Manca poco al mondiale. Il CT Menotti è pronto a diramare le convocazioni. Carrascosa rinuncia. Jorge, il capitano della “Seleccion”, il leader carismatico, prende la sua decisione irremovibile, irrevocabile. “El Lobo” a quel mondiale non vuole, non può partecipare. Menotti cerca in tutte le maniere di farlo desistere, spera in un ripensamento. “El Lobo” non molla mai. È abituato ad azzannare le caviglie dell’avversario. È un “hombre vertical”. Jorge aveva un sogno, diventare campione del modo. Era il suo sogno, dei suoi compagni di squadra, di un intero popolo. Quel sogno glielo avevano rubato i militari e Videla. Il suo sogno non poteva essere anche il loro. Decise di lasciare l’Albiceleste. Non voleva essere complice della dittatura. Non poteva rappresentare dinnanzi al mondo, la “nuova” Argentina di Videla.

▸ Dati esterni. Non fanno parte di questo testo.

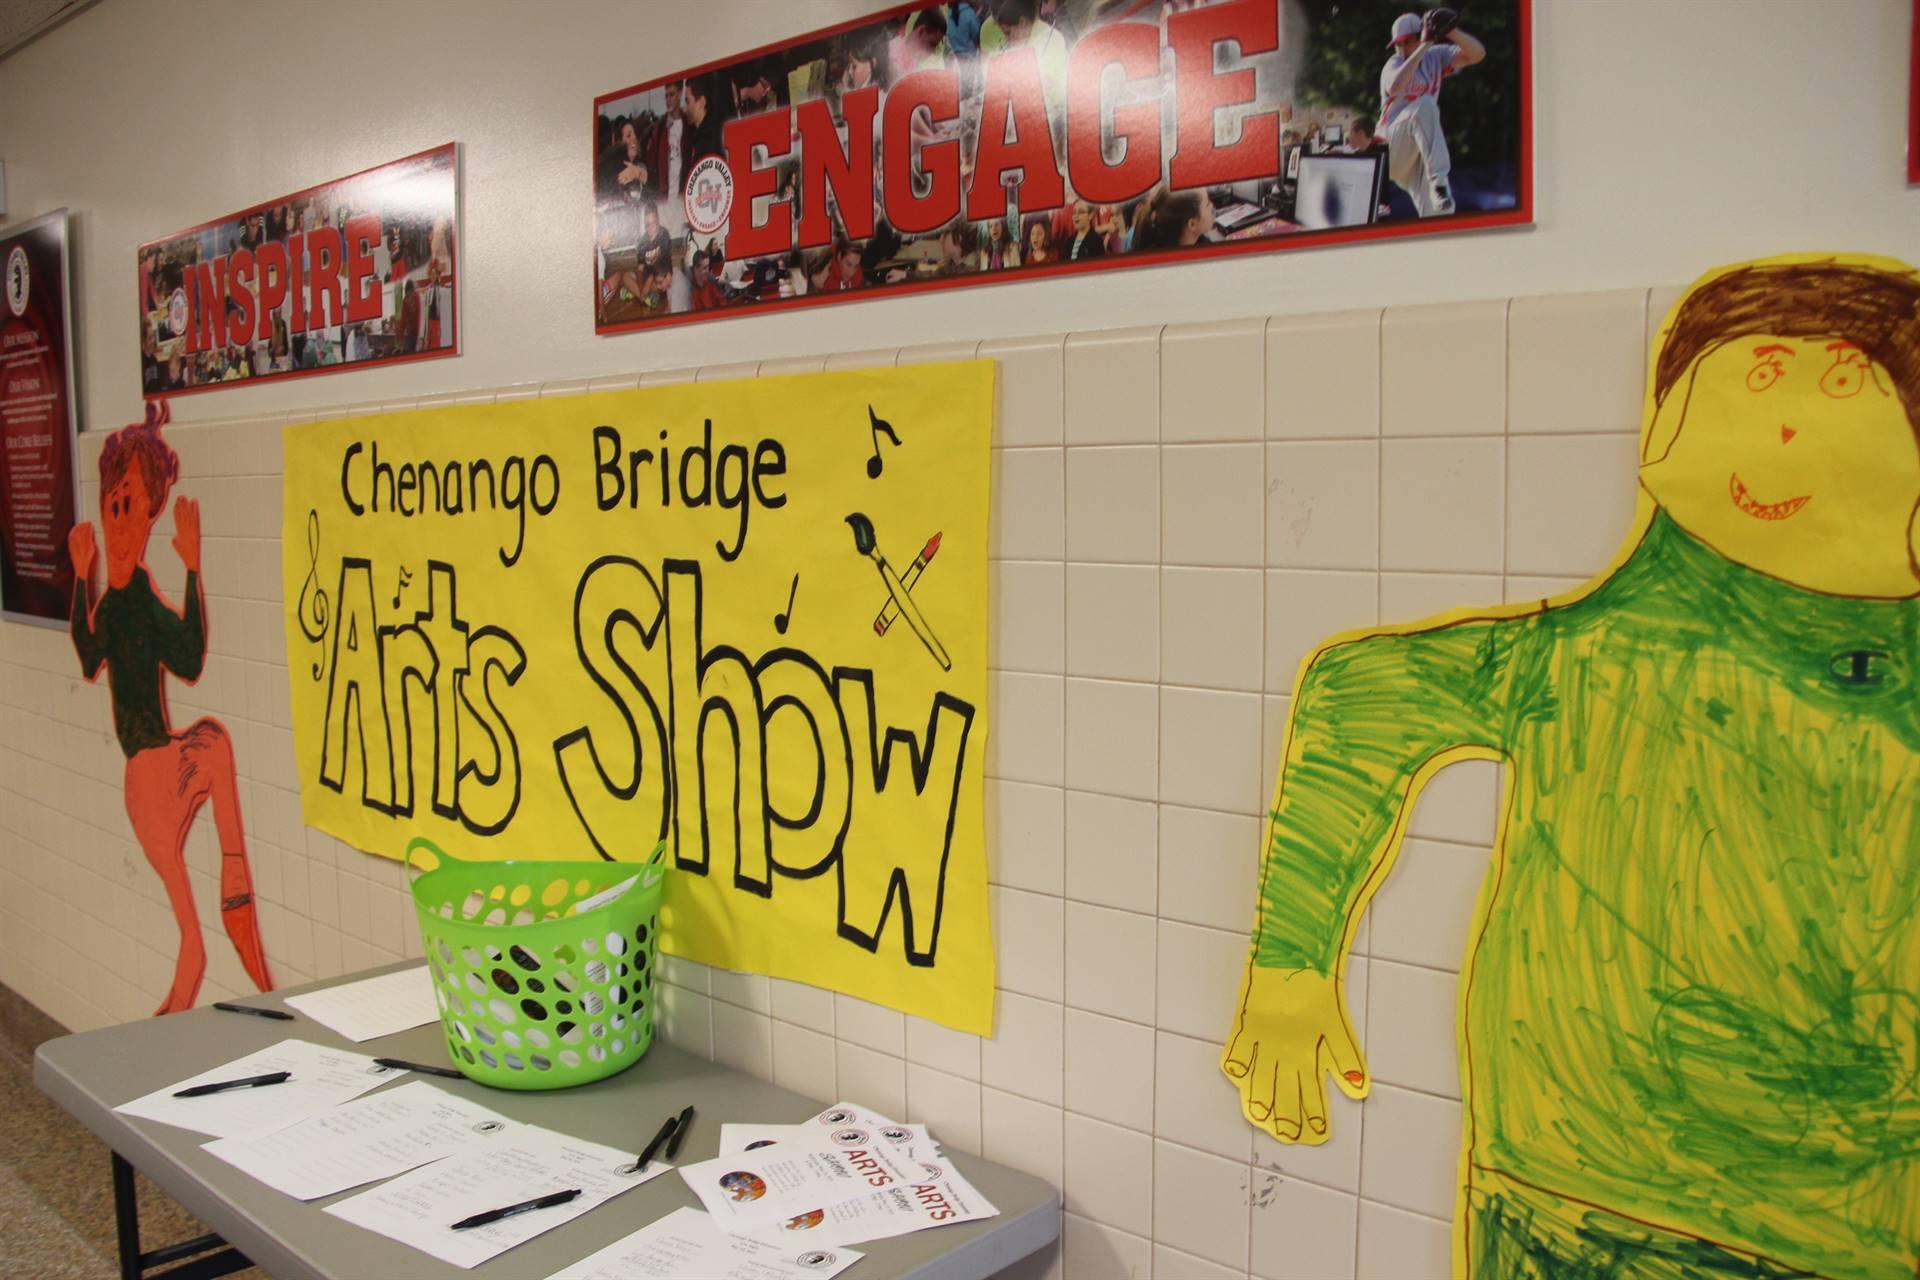 Chenango Bridge Arts Show 14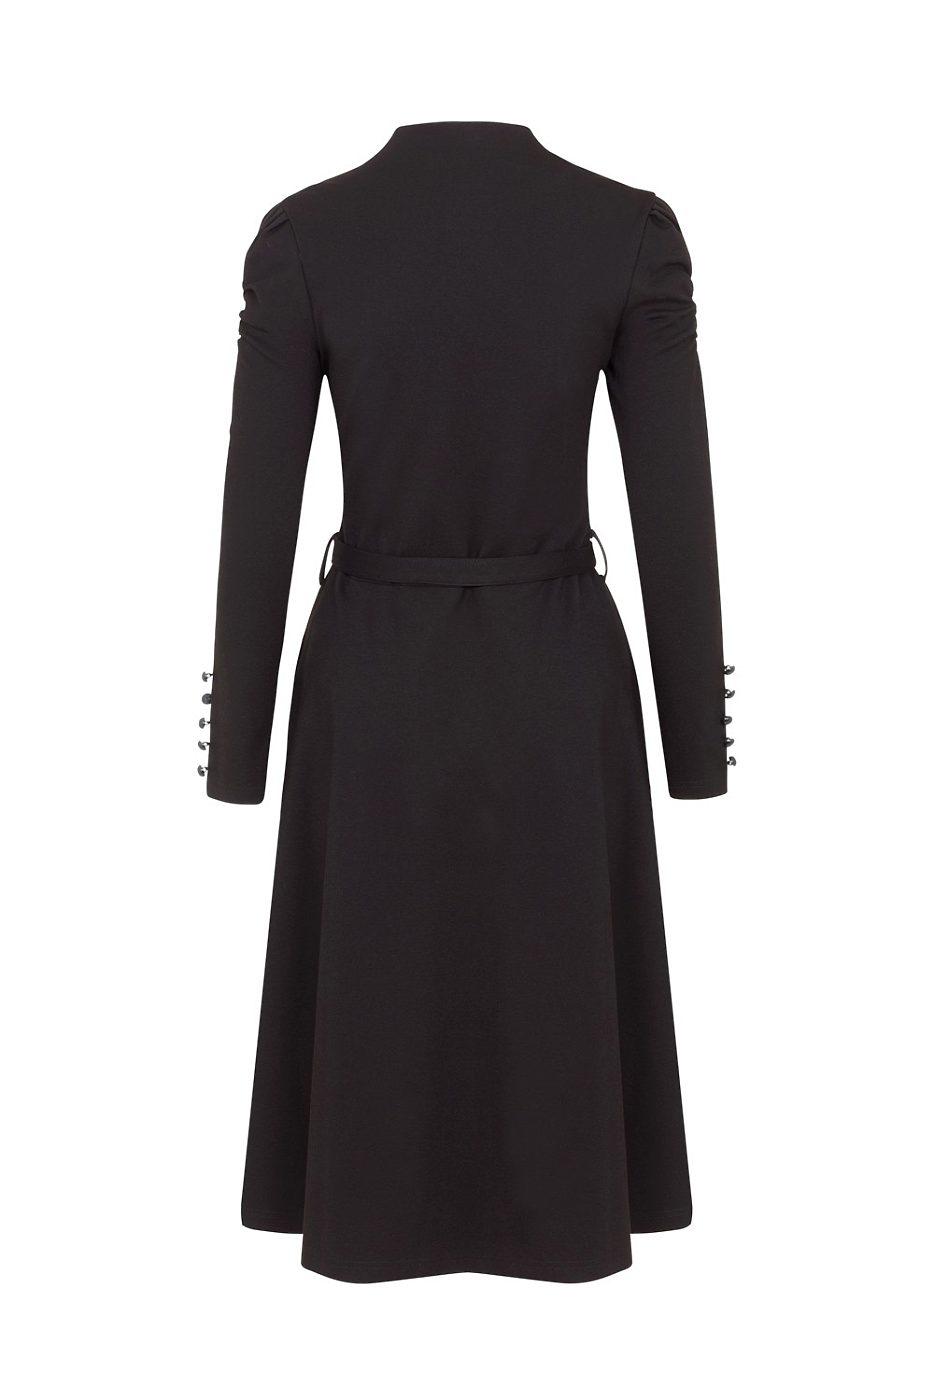 Černé šaty s dlouhým rukávem Voodoo Vixen Dita Voodoo Vixen  e508280f82b

Il 25 giugno del 1978 al Monumental, l’Argentina divenne campione del mondo. El Gran Capitan era davanti alla TV. Quella notte, il viso di Jorge, di milioni di argentini, era rigato dalle lacrime. I suoi compagni, Kempes, Fillol, Ardiles, il CT Menotti non avevano vinto per quei figli di puttana dei militari, per Videla. Avevano vinto per alleviare il dolore del popolo. “El Lobo”, quella sera, piangeva per i Desaparecidos, per le mamme di Plaza de Mayo. Piangeva per la sua Argentina campione del mondo.
Nel 1979, all'età di 31 anni Jorge Carrascosa dava l’addio al calcio...per sempre, quel mondo non gli apparteneva più.
Jorge Rafael Videla morì nel 2013 nel carcere Marcos Paz di Buenos Aires. Stava scontando due ergastoli e cinquanta anni di carcere per crimini contro l’umanità
Questa è la storia di un sogno. È la storia di un sogno rubato. È la storia di un uomo che rinunciò al suo sogno. Si accorse che ne aveva uno ancora più grande: il suo paese, il suo popolo, l’Argentina…
“Certe cose, la patria, l’essere fratelli, la vita o la morte, non hanno niente a che vedere col prendere a calci un pallone. Per questo non mi sono mai pentito della mia scelta. Credo che ognuno di noi possa fare qualcosa per rendere migliore questo mondo e io, il mio granello di sabbia l’ho messo”
Jorge Carrascosa.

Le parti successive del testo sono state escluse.